Of course, given that he is ineligible for the presidency anyhow, Cruz probably doesn’t care that he is now regarded as an illegitimate candidate for the nomination.


The campaign takes its toll

A few people have asked me what is wrong with Trump lately, given his recent media missteps and his bigger-than-expected loss in Wisconsin. I think the answer is very simple. He’s tired. This nomination campaign is a marathon, not a sprint, and it is an exhausting process. In every human endeavor, we see the pattern of ebb and flow, the fractal Elliott Wave pattern of 1-3-5 with the 2-4, the back-and-forth swing of the momentum pendulum.

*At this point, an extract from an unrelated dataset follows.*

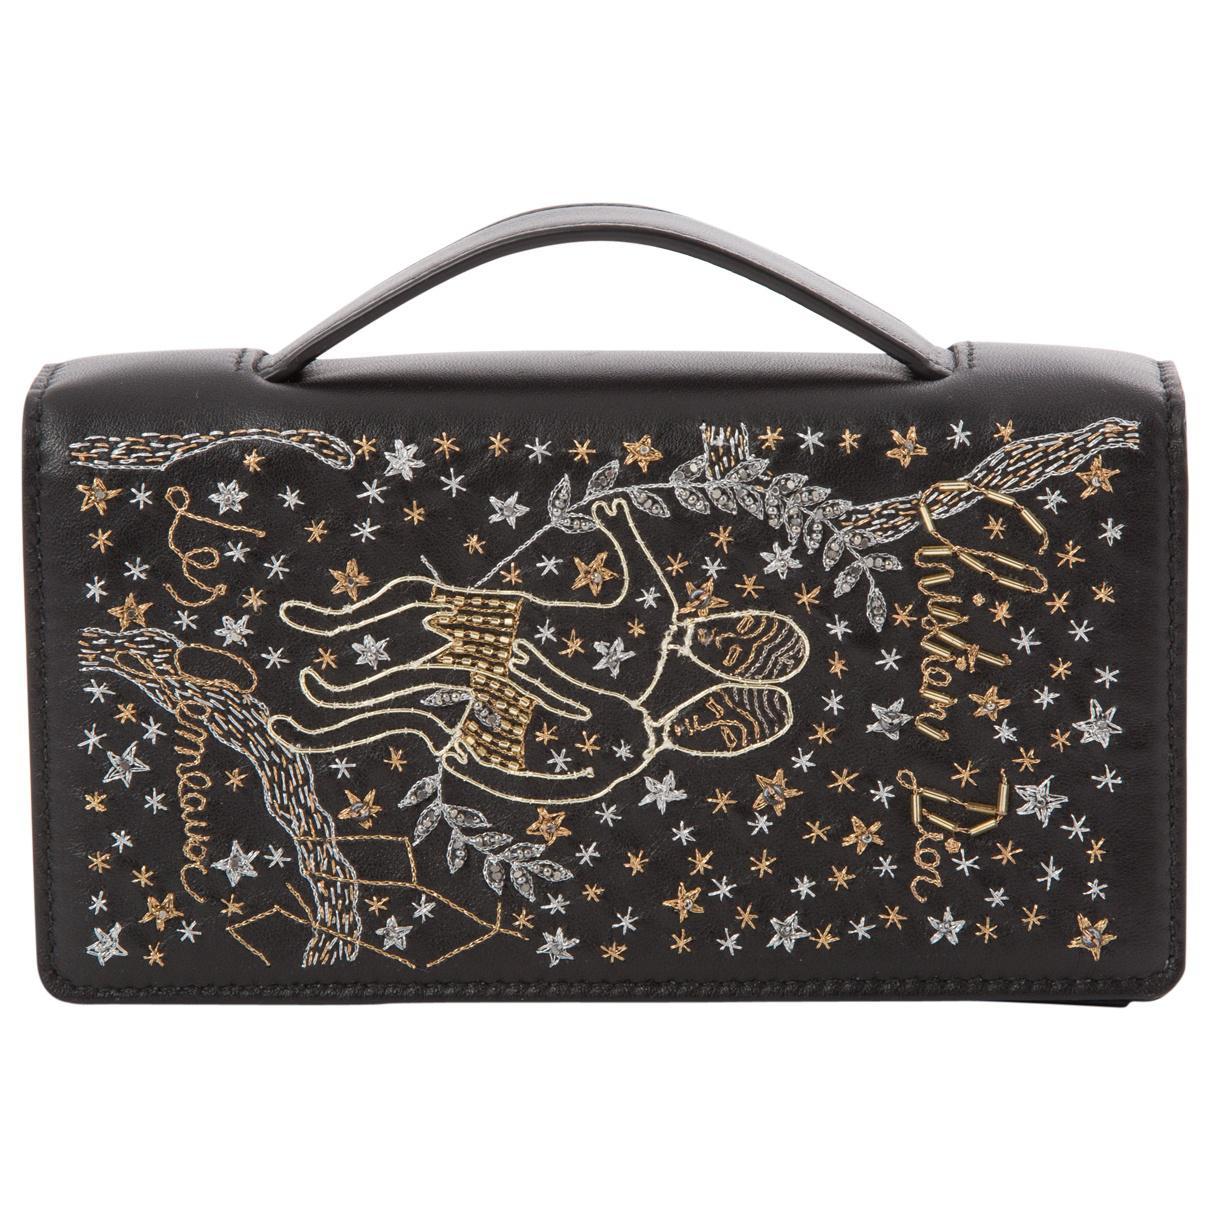 Dior Pre-owned - LEATHER CLUTCH PURSE j3VstjAuL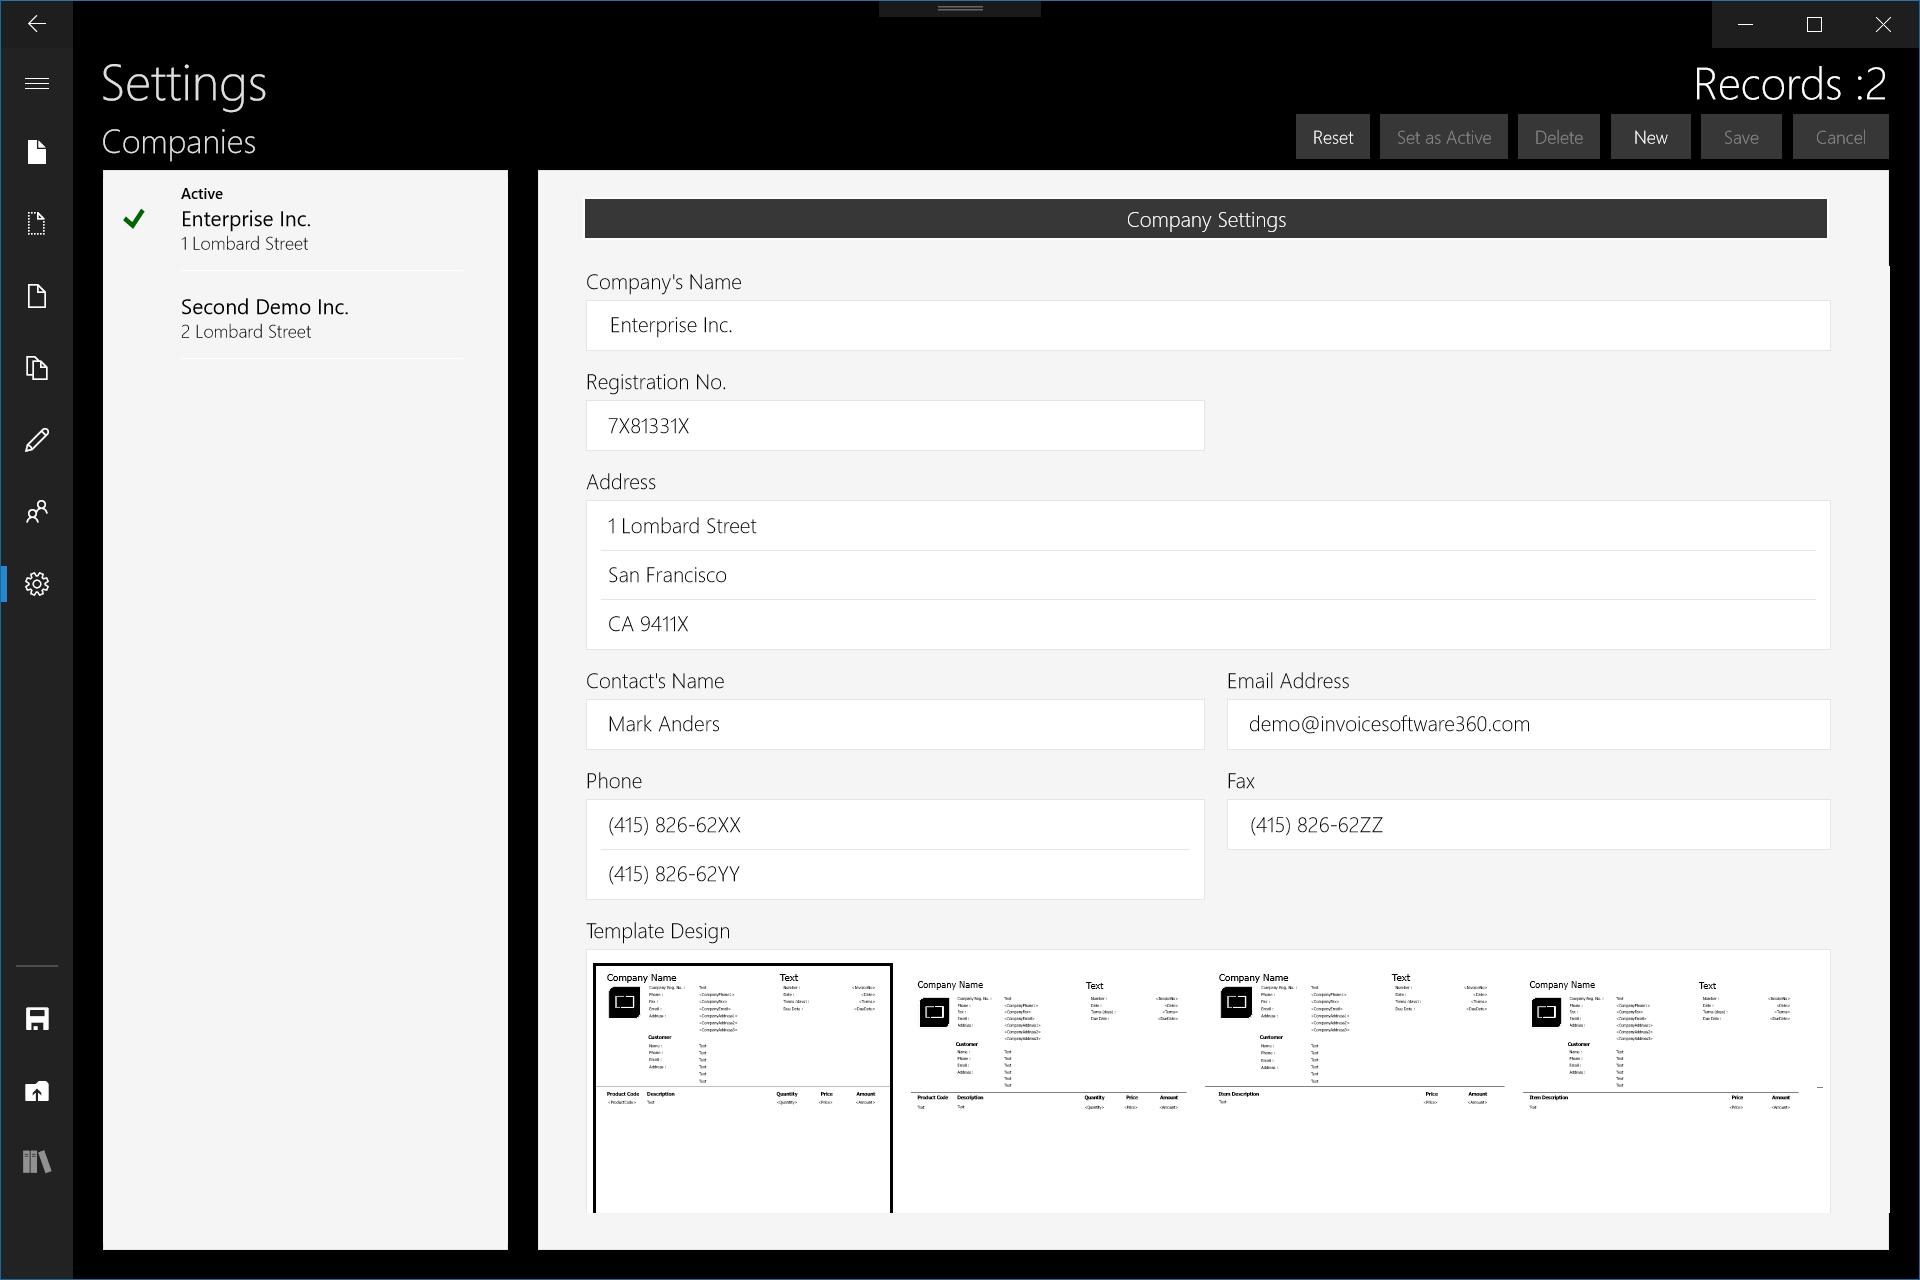 Setup Invoice - How to set up an invoice

Trump has had two big surges, one that began in New Hampshire and carried through Super Tuesday, the other that carried him through big victories in Florida and Arizona. The question is if he can summon up the energy required for the final push to victory.

The last two weeks have been what happens when a candidate who depends upon his high energy to carry his campaign through finds himself flagging. And, as usual, all the short-term linear thinkers who look only at the present assume that it’s all over and his trajectory is downward.

I suspect that being back home in New York will energize Trump and he’ll roar back into aggressive action after he is remotivated by a landslide win over Cruz there. Whether that will be enough to carry him through California, I don’t know, but remember, what he absolutely needs to win before the convention are: a big win in proportional New York, solid wins in Pennsylvania and New Jersey, a minor state win, and then a clinching victory in California.

That’s not certain, but it is far from being impossible, or even unlikely. April 26th looks to be an interesting day, as Pennsylvania, Maryland, Connecticut, Rhode Island, and Delaware will vote and the finalists for the Hugo Awards will also be announced.

UPDATE: Nate adds an important observation:

I think this is a fair assessment. but you’re also ignoring Trump’s weak spot, which is also one of his strengths. Trump doesn’t handling failure well. Oh, he’s fine losing one or two while winning 10. But he’s had a bad couple weeks and it is clearly showing. You can see it in his temperament. Looking back at the debates where Cruz and Rubio were ganging up on him he was clearly off-his game in the post debate interviews.

When he’s winning he appears to have a better grasp on what attacks to address and what attacks to ignore. When he isn’t winning he appears to lose that ability and lash out at everything and everyone that says anything negative about him.

This is an excellent point, and it is one reason why I’ve been saying New York is so important even though it’s not winner-takes-all. Trump is a high-energy front-runner who feeds on momentum. He’s a steamroller, he’s not a counterpuncher who is energized by finding himself on the ropes, a die-hard who will fight until the bitter end, or a comeback kid who needs to be knocked down once or twice before he even starts to get serious.